Immunoprecipitation consists of multiple ordered steps: lysing the cell with detergent if the antigen (usually a protein) to be precipitated is membrane‐bound; binding of a specific antigen to an antibody; precipitating the antibody‐antigen complex; washing the precipitate; and dissociating the antigen from the immune complex. The dissociated antigen is then analyzed by electrophoretic methods.
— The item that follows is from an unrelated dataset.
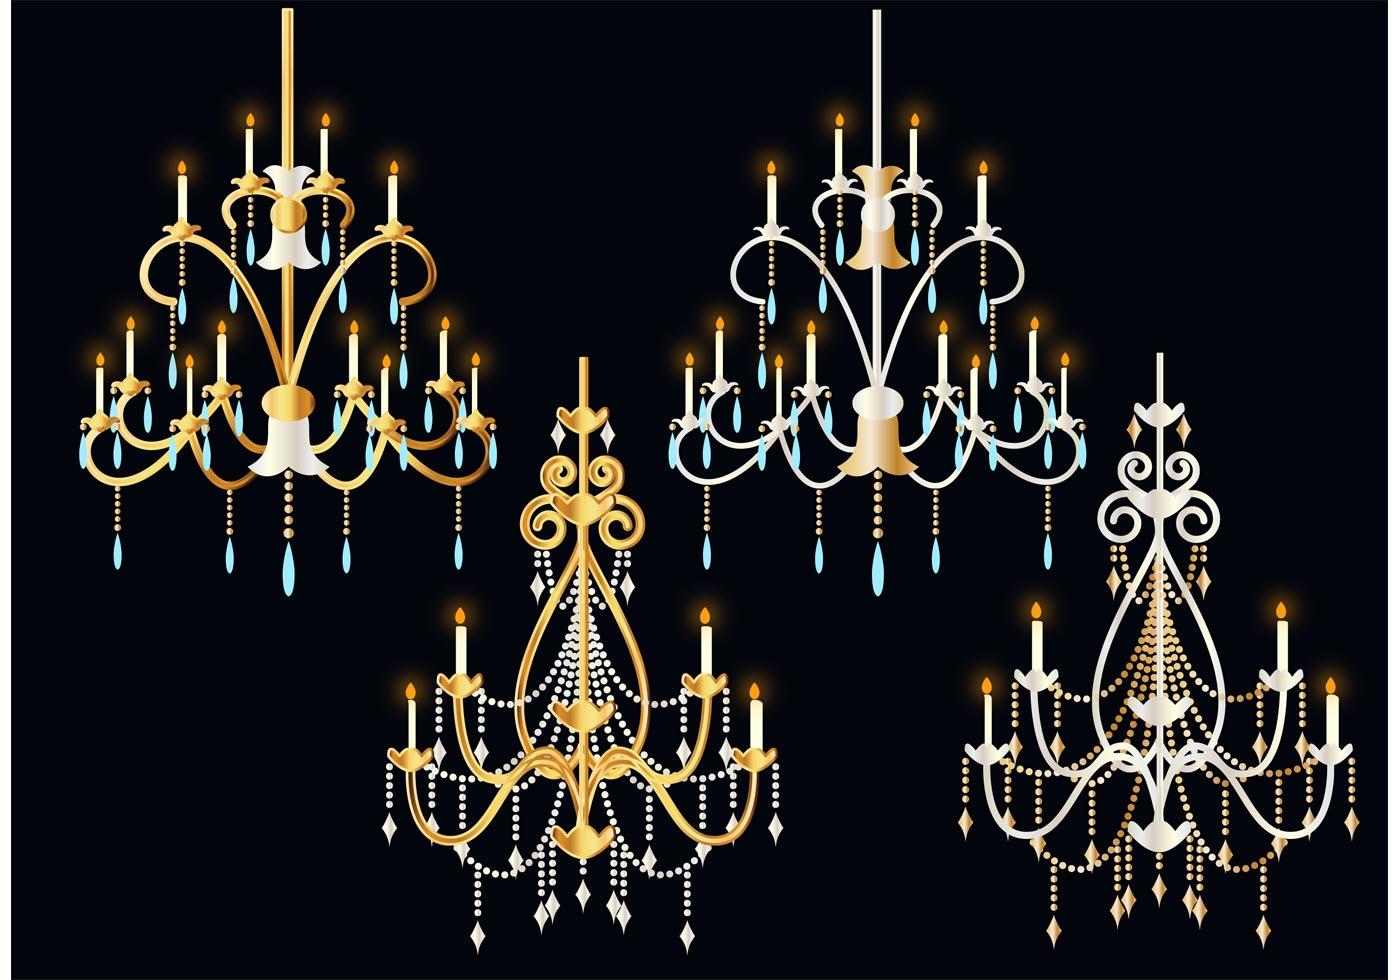 Crystal Chandelier Vectors Download Free Vector Art

In this unit, the basic protocol details the immunoprecipitation of a radiolabeled antigen with a specific antibody (polyclonal or monoclonal) covalently linked to Sepharose. Preparation of Ab‐Sepharose is described in the Support Protocol. The first two alternate protocols present methods for precipitating or isolating the soluble immune complexes formed between a specific antibody and a radiolabeled antigen. Immunoprecipitation is achieved with polyclonal anti‐immunoglobulin (Ig) serum, anti‐Ig‐Sepharose, Staphylococcus protein A or Streptococcus protein G bound to Sepharose, or Staphylococcus aureus bacteria which contain protein A on the cell surface. The third alternate protocol should be used for immunoprecipitation of antigens that are nonspecifically associated with other proteins. The fourth alternate protocol describes immunoprecipitation of unlabeled protein antigens with Ab‐Sepharose.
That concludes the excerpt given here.